We now know why—Rhonda has been blocking all contact.

“Thirty seconds,” Haven announces.

I key my mic. “All teams, get ready to move.” My chest tightens with pride and terror. These men are following me into what could very well be a death trap, trusting my leadership to get them out alive. The weight of that responsibility sits on my shoulders like the heaviest of fucking anvils.

“Camera blackout in ten… nine… eight…” Haven counts down in my ear.

I close my eyes, centering myself the way my army training taught me.

Focus on the mission.

Trust your brothers.

Bring everyone home.

“Three… two… mark. You have a twelve-minute window before the next guard rotation. Make it count,” Haven instructs, watching on through Loki’s camera hack from home base.

“Move,” I command, and we flow through the tunnel like water through a pipe.

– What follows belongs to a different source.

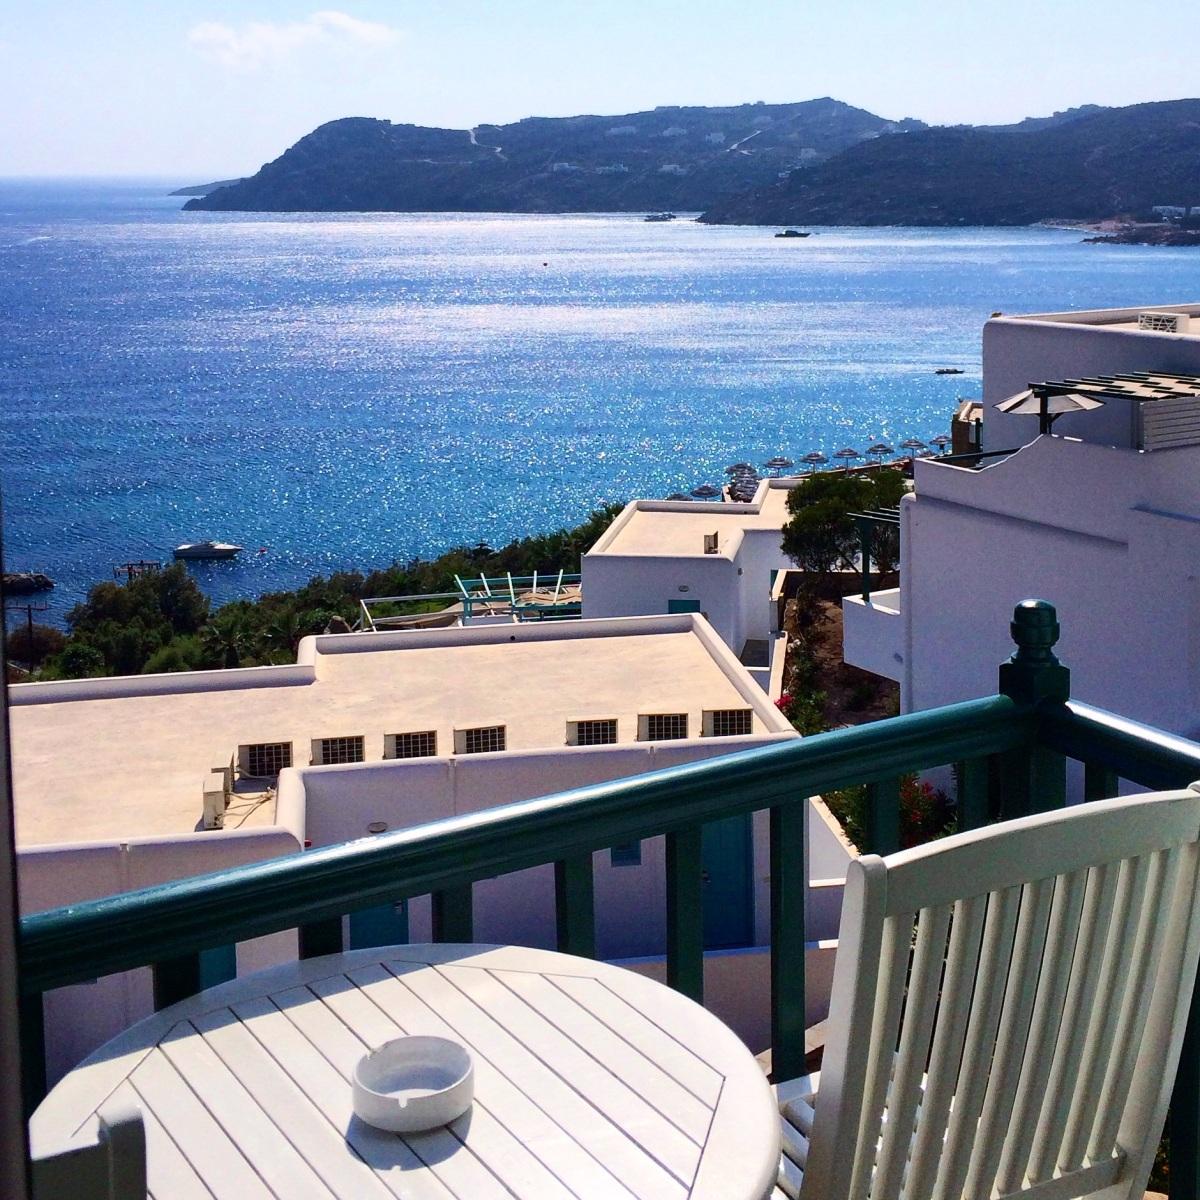 Mykonos: una splendida sorpresa! (Parte II - le spiagge)

The layout Garver and Nighthawk provided is burned into my memory. Fifty yards to the first junction, left turn toward the main facility, then a straight shot to the access ladder that leads up into the women’s cell block.

Simple on paper.

Potentially fatal in execution.

Montana reaches the junction first, hand signals confirming the path is clear. We’re moving faster than planned, which could be good or catastrophic, depending on what we encounter up top.

“Phoenix, Rip, you’re on tunnel security,” I whisper. “Anything comes down here that isn’t us, you handle it quietly.”

They peel off without a word, disappearing into the shadows like they were never here.

The maintenance ladder stretches up into darkness, rusty metal rungs that could give way under our weight or scream likebanshees if we’re not careful. Montana is already climbing, his desperation making him reckless.

“Easy, Montana,” I whisper into my mic. “We stick to the timeline.”